Resource Recommender
Introduction
In the dynamic landscape of online business operations, resource allocation efficiency is paramount. Katalyst provide the Resource Recommender to enhance resource allocation for online business operations. By analyzing historical CPU and memory usage data, the module provides actionable recommendations for resource provisioning, aiming to strike a balance between performance and cost-efficiency.
Features of the Resource Recommender include:
- Data-Driven Insights: Based on past CPU and memory usage data to identify usage patterns and trends.
- Recommendations: Utilizes statistical analysis to recommend appropriate resource requests for various service loads.
- Cost Optimization: Helps to minimize unnecessary resource expenditure by recommending allocations that align with actual usage patterns, potentially reducing the costs associated with over-provisioning.
- Seamless Integration: Offers a non-intrusive solution that integrates with existing systems without necessitating changes to applications or the underlying platform.

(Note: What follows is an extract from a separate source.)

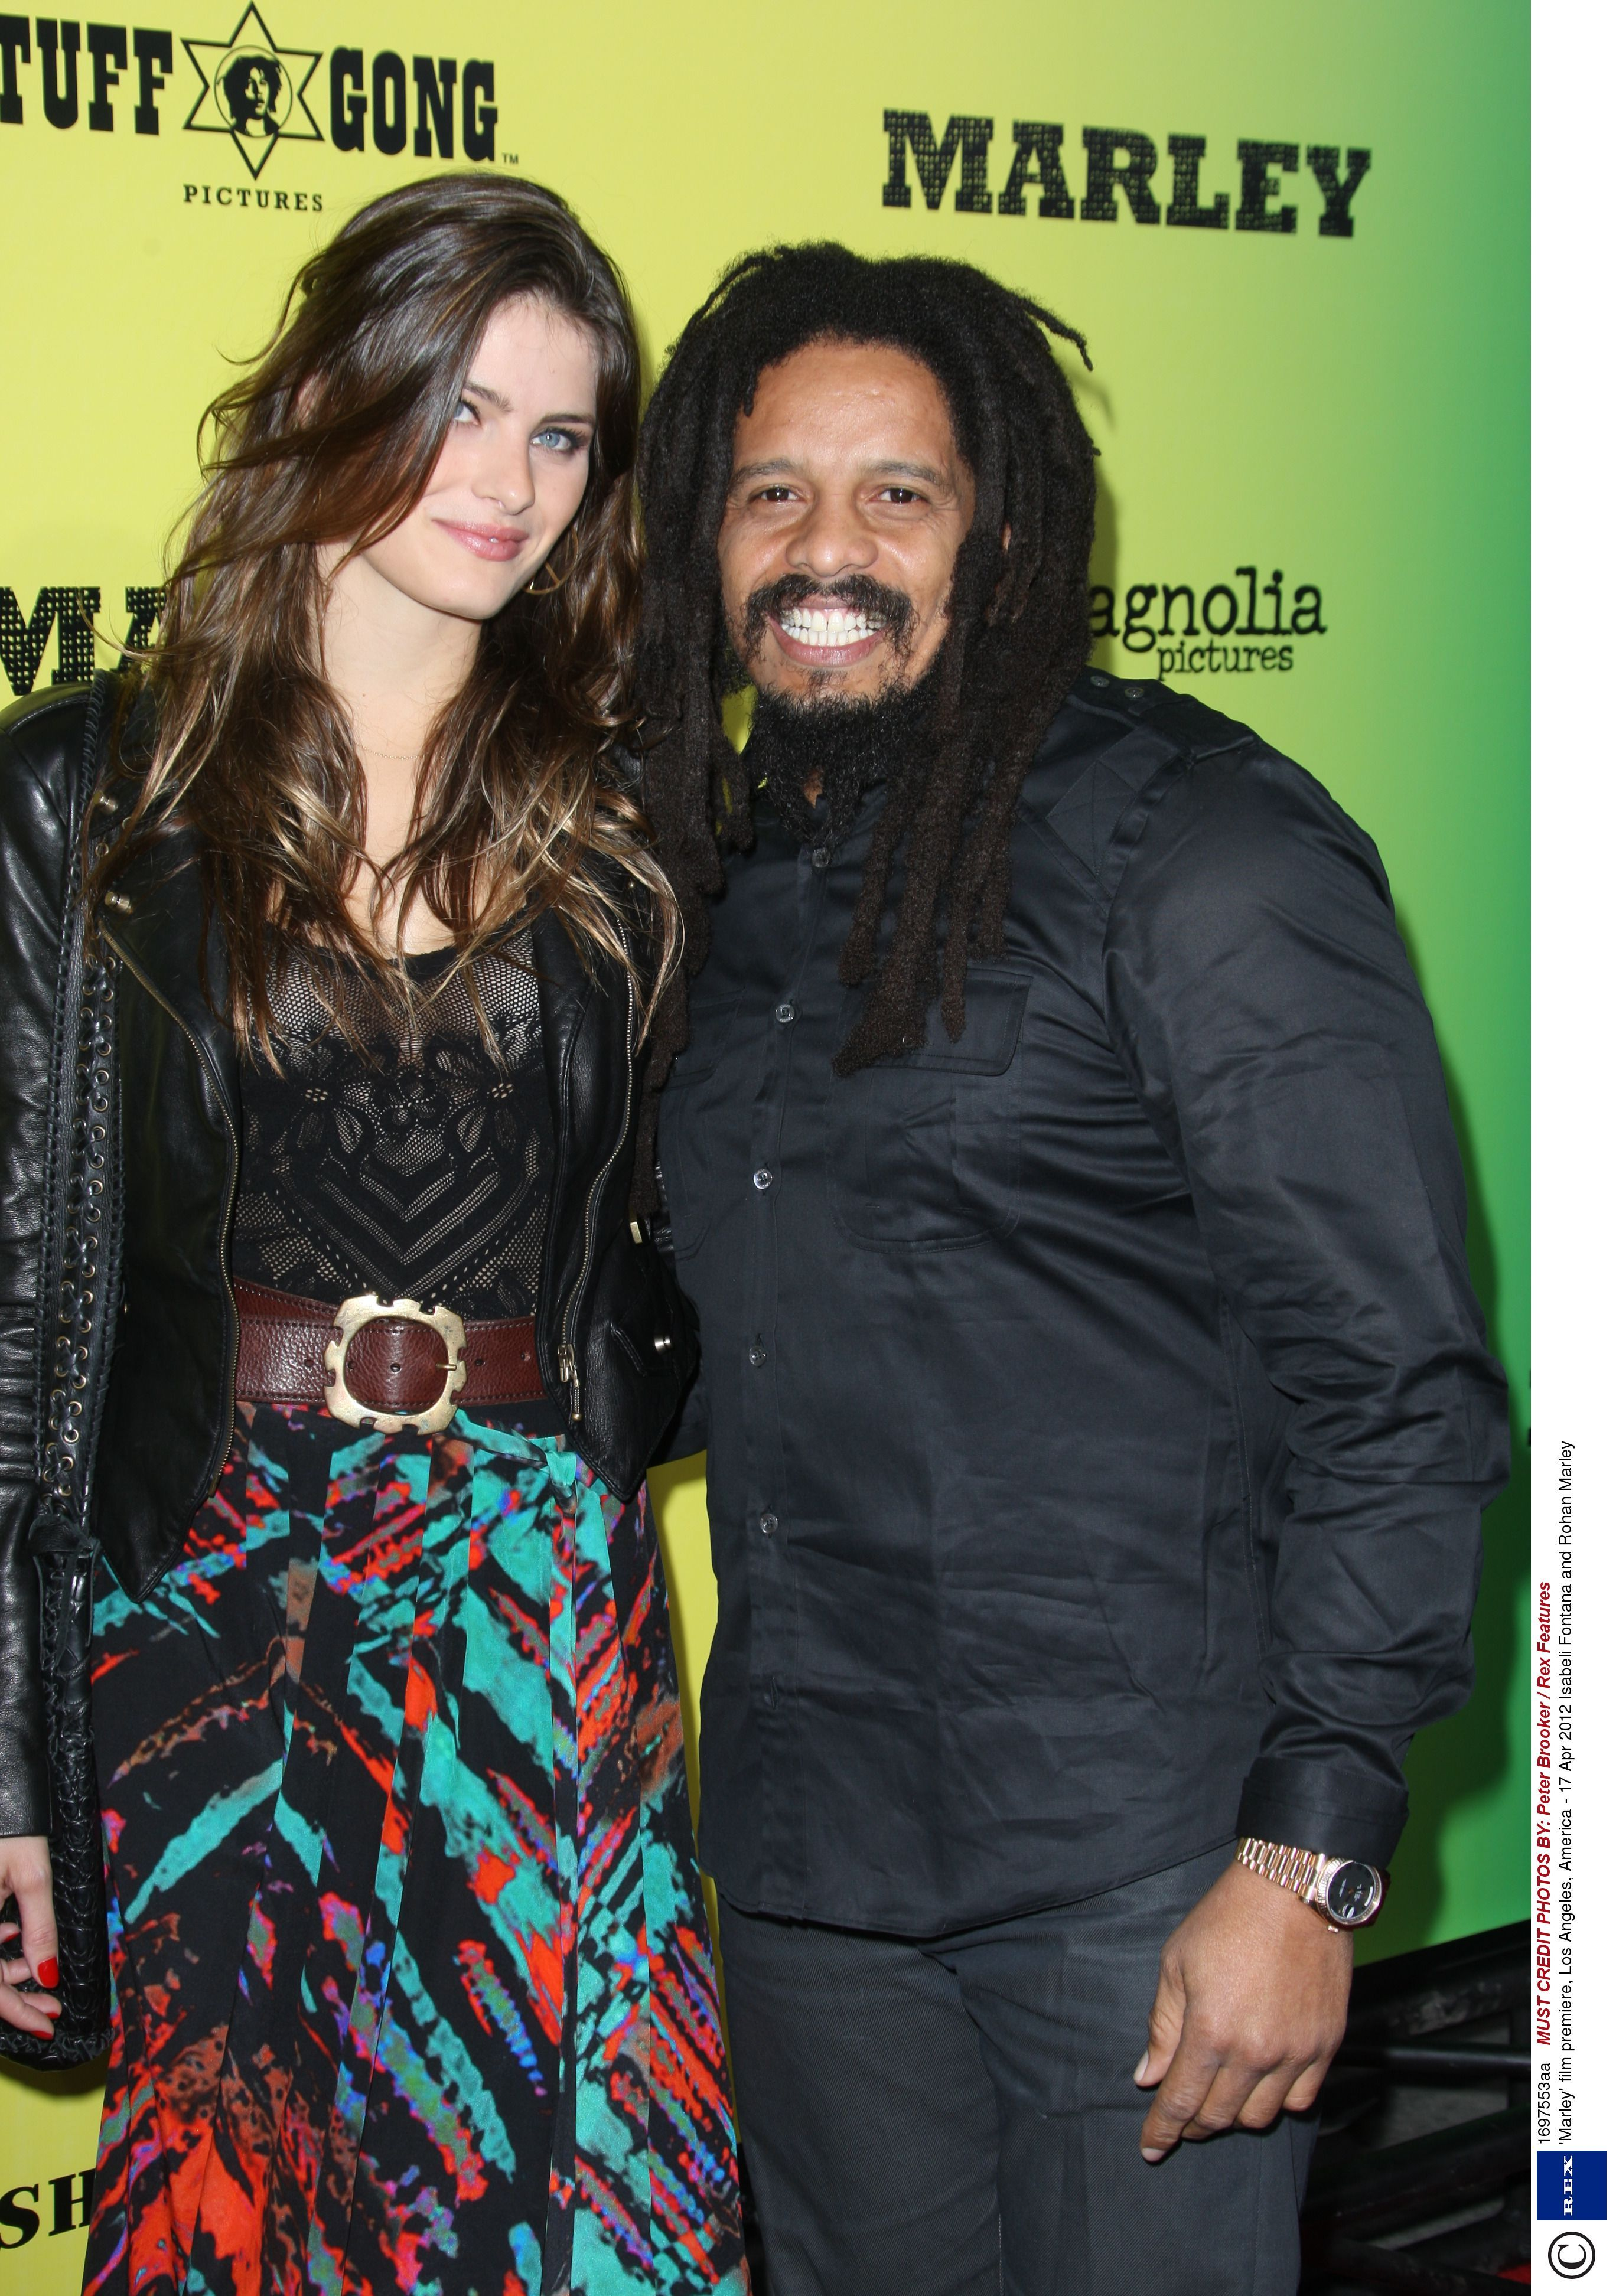 9bfe2e5925c6c Rohan Marley engaged to supermodel girlfriend Isabeli Fontana
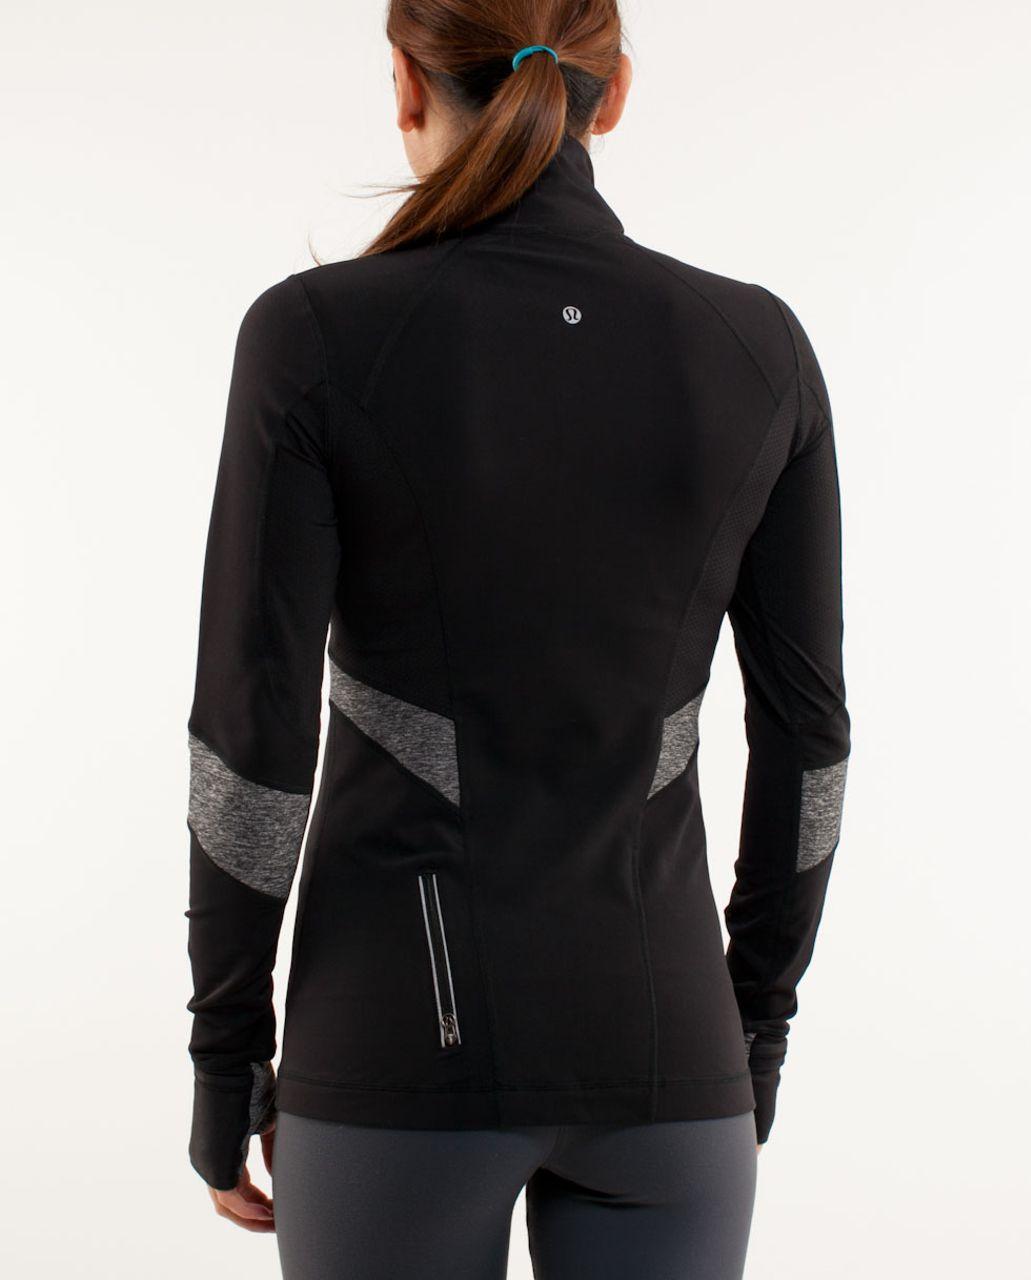 Lululemon Run:  Distance Pullover - Black /  Heathered Black

With the Resource Recommender, service owners can dynamically adjust their resource needs, ensuring optimal performance during peak hours and minimal waste during off-peak times.
Prerequisites
- Katalyst >= v0.5.12
- Cluster installed Prometheus / Victoria Metrics
Installation
Install Data Source
If you have added Prometheus / Victoria Metrics, you can skip to next topic.
Please make sure your datasource has two metrics below:
‘container_cpu_usage_seconds_total’ and ‘container_memory_working_set_bytes’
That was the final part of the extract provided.